In 2014, when President Dr. Robert DeSanto retired after having served 25 years, the East Lyme Public Trust Foundation knew it would be difficult to “fill those shoes”. Fortunately, the Foundation was extremely lucky to find its next executive in Dr. Joe Legg, who had been a member for 8 years.
Dr. Legg, who received his PhD. in Clinical Psychology from Syracuse University, served as the Director of the Counseling Center at Lawrence and Memorial Hospital from 1985-1999. He was initially attracted to join the Foundation because he believed the development of the Boardwalk was a great achievement for the town and its citizens.
Dr. Legg’s tenure as President was filled with outstanding activity and incredible accomplishment. In 2014, the Foundation completed the donation of the last 50 memorial benches to Parks and Rec for the Boardwalk, bringing the total to 200. In 2015, with the help of the UConn Sea Grant program, the Foundation developed a unique method to monitor the Niantic Bay Beach ecosystem.
The focus on the Boardwalk and Beach led to numerous ideas to enhance them. In cooperation with Parks and Recreation, the Foundation bought beach mats for the handicapped, planted beach grasses in cooperation with area high schools and UConn, sponsored topographical surveys, distributed trash receptacles, and published thousands of pamphlets on the beach ecosystem.
In addition to projects on the Boardwalk, the Foundation also took on projects beyond the Boardwalk. In 2015, the Trees for Tomorrow project began, with memorial tree plantings in different public spaces. In 2016, the Foundation initiated the McCook Park Band shell project with Parks and Rec, the Rotary, and the Lions. Also in 2016, under the leadership of Dr. Legg, the Foundation revamped its website, adding a drone video of the Boardwalk called “A Bird’s Eye View-The Boardwalk by the Bay”.

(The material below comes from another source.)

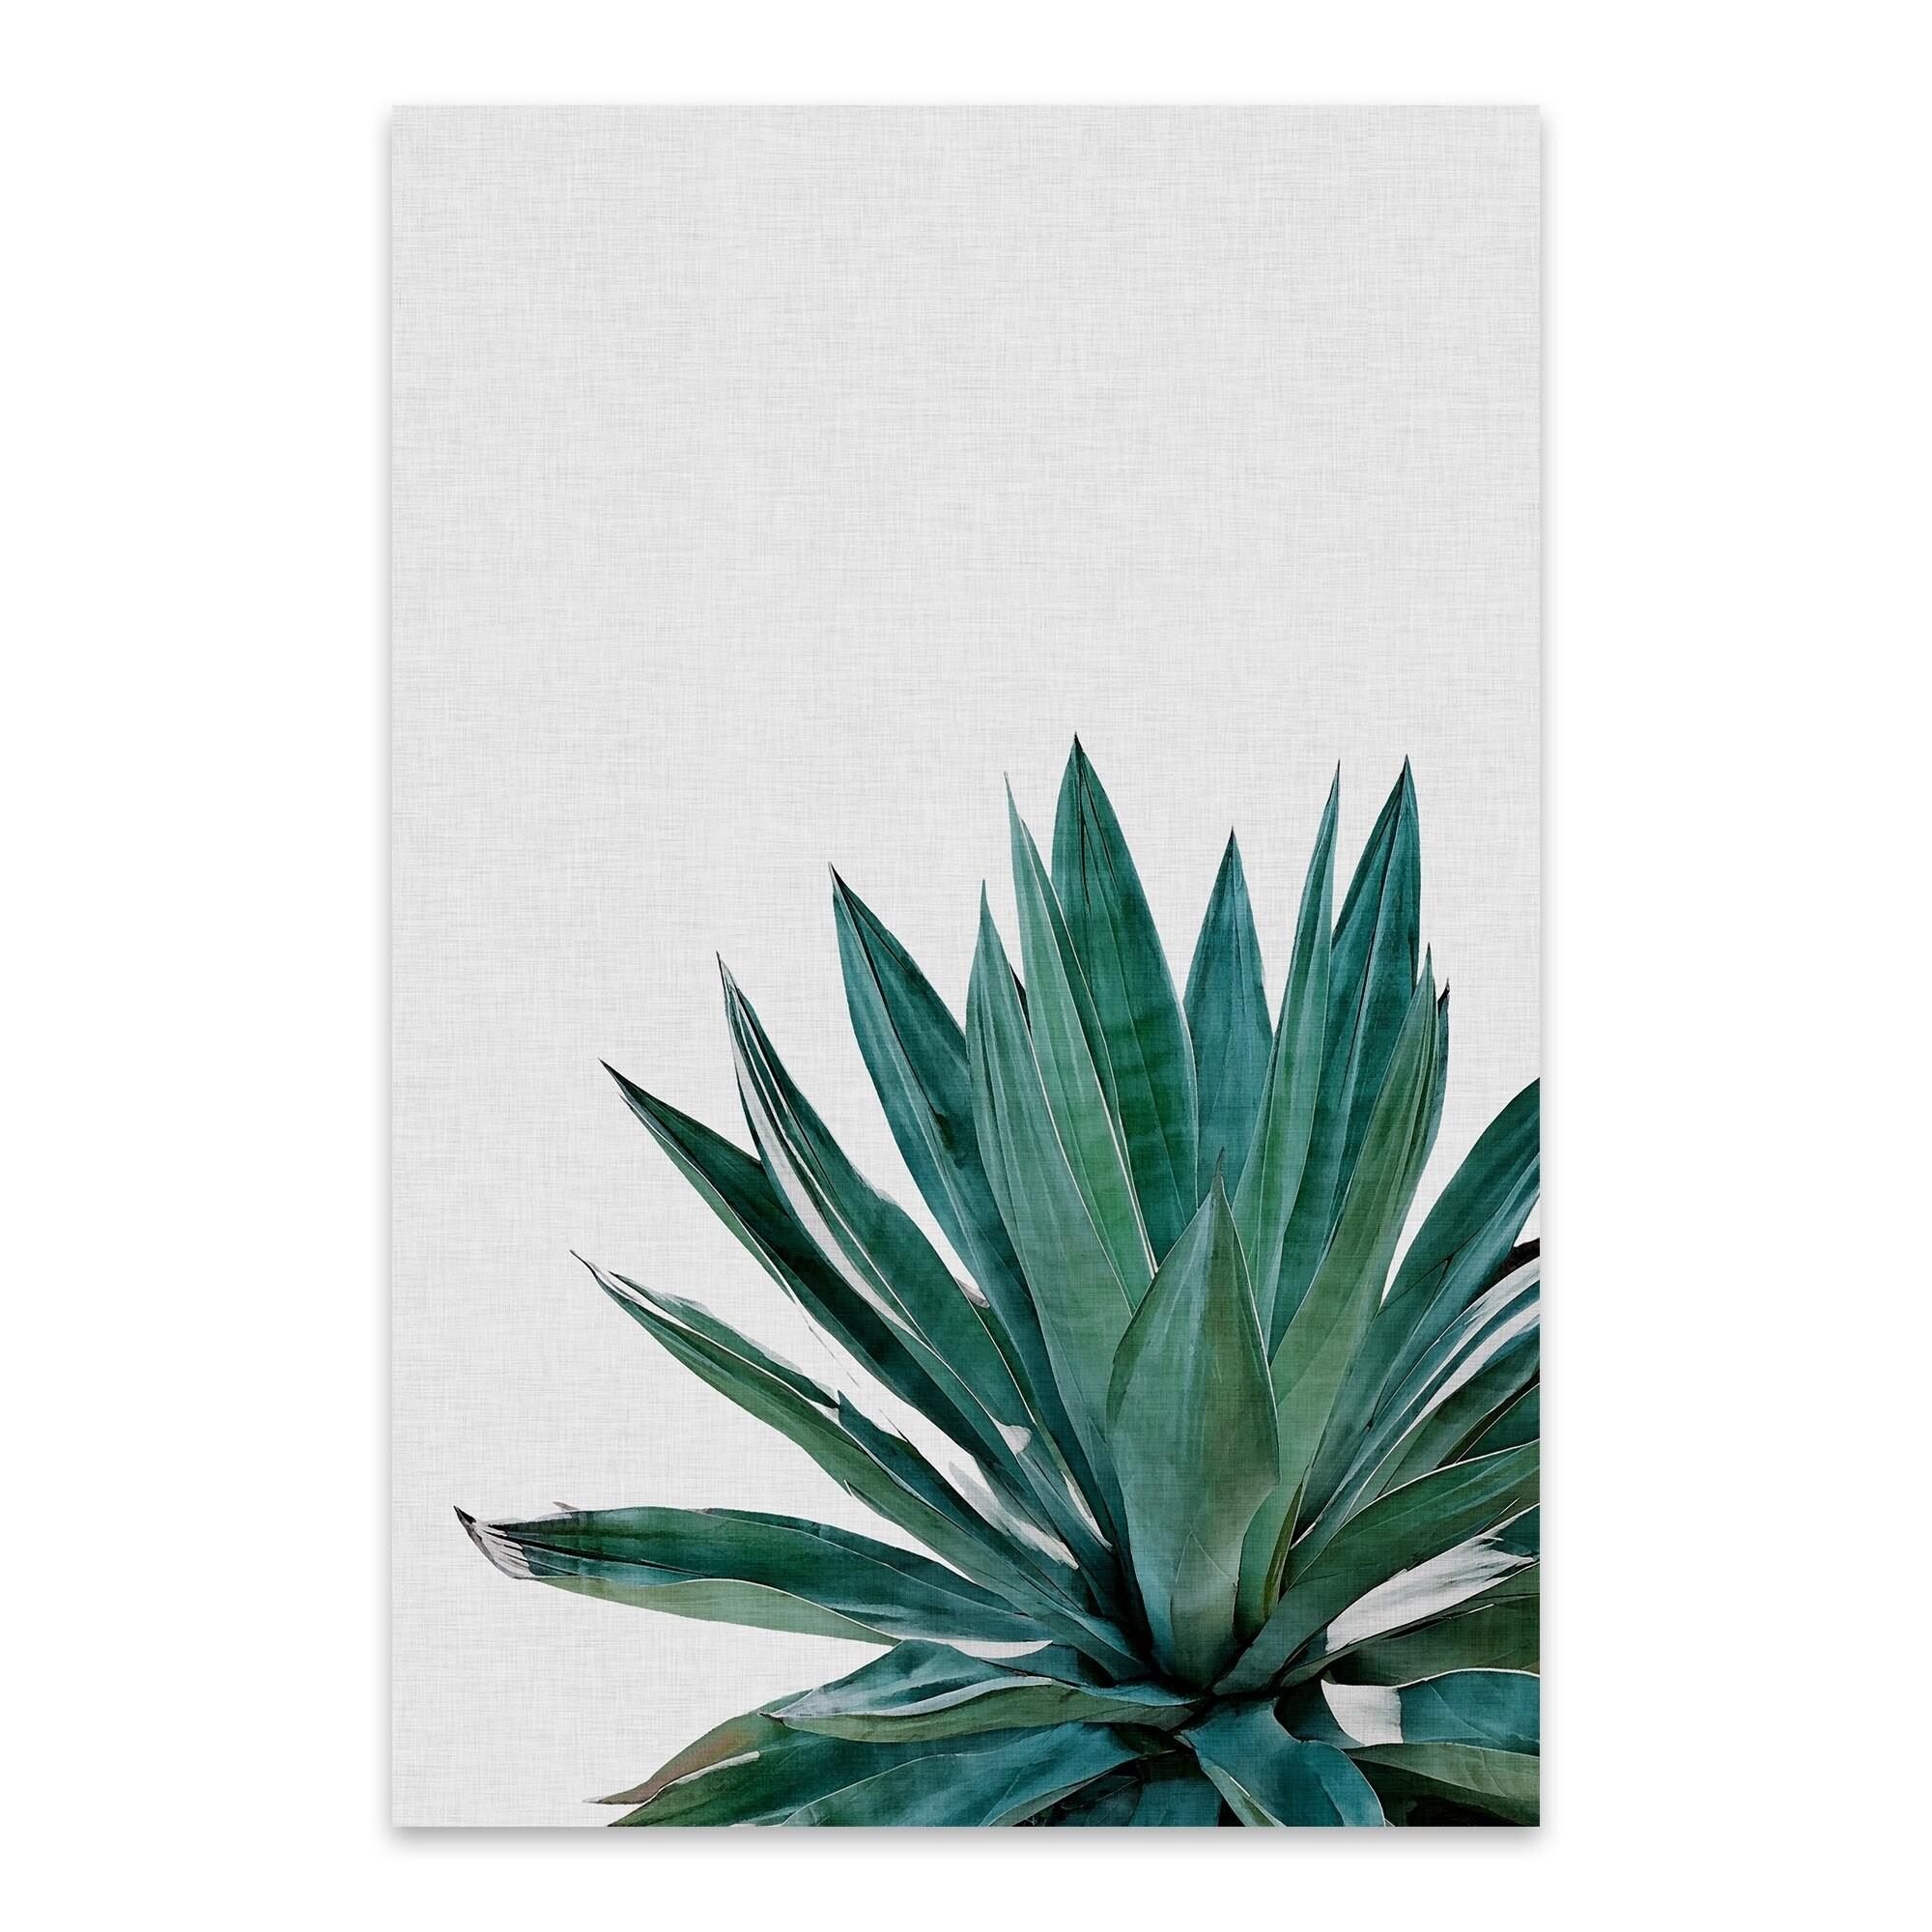 Shop Noir Gallery Orara Studio Agave Cactus Agave Plant Floral

The projects beyond the Boardwalk continued when the Foundation donated benches to the new Main Street Park, continued tree plantings, and financed the new camera security system for town parks. Many of these endeavors were made possible by the Foundation’s popular memorial plaque program which, by 2018, had well over 2,000 plaques.
Dr. Legg has said, “Although there were a lot of highlights along the way, probably my biggest sense of accomplishment was that the Foundation was able to help the town finish the western portion of the Boardwalk, complete with signage and a new monument. In May 2016, our Rededication Celebration of the re-built Boardwalk was an exciting accomplishment.
In addition to all of these achievements, Dr. Legg led a concerted effort to recruit new members. He has written, “At that board meeting, I could feel the enthusiasm, the vibrant talk, the opinions, and the energy in the room. It was a group of motivated volunteers- a mix of old-timers and newcomers- co-operating together in transition. Working with that group of people was a most satisfying experience.”
“My lasting impression as president was learning how much mutual respect existed between the town and the Foundation. Without this cooperation, none of these achievements would have been possible. At an introductory meeting, then First Selectman Paul Formica gave me his personal cell phone number to call at any time. Parks and Recreation Director Dave Putnam offered to meet regularly and later shared his “wish list” to work on together.
This cooperative spirit carried over with state and federal officials, including congressmen. It obviously was the result of the Foundation’s previous efforts for the community. It made my life easier for those five years, especially our close knit cooperation with Parks and Rec. It also helped that I was riding the coattails of Bob DeSanto.”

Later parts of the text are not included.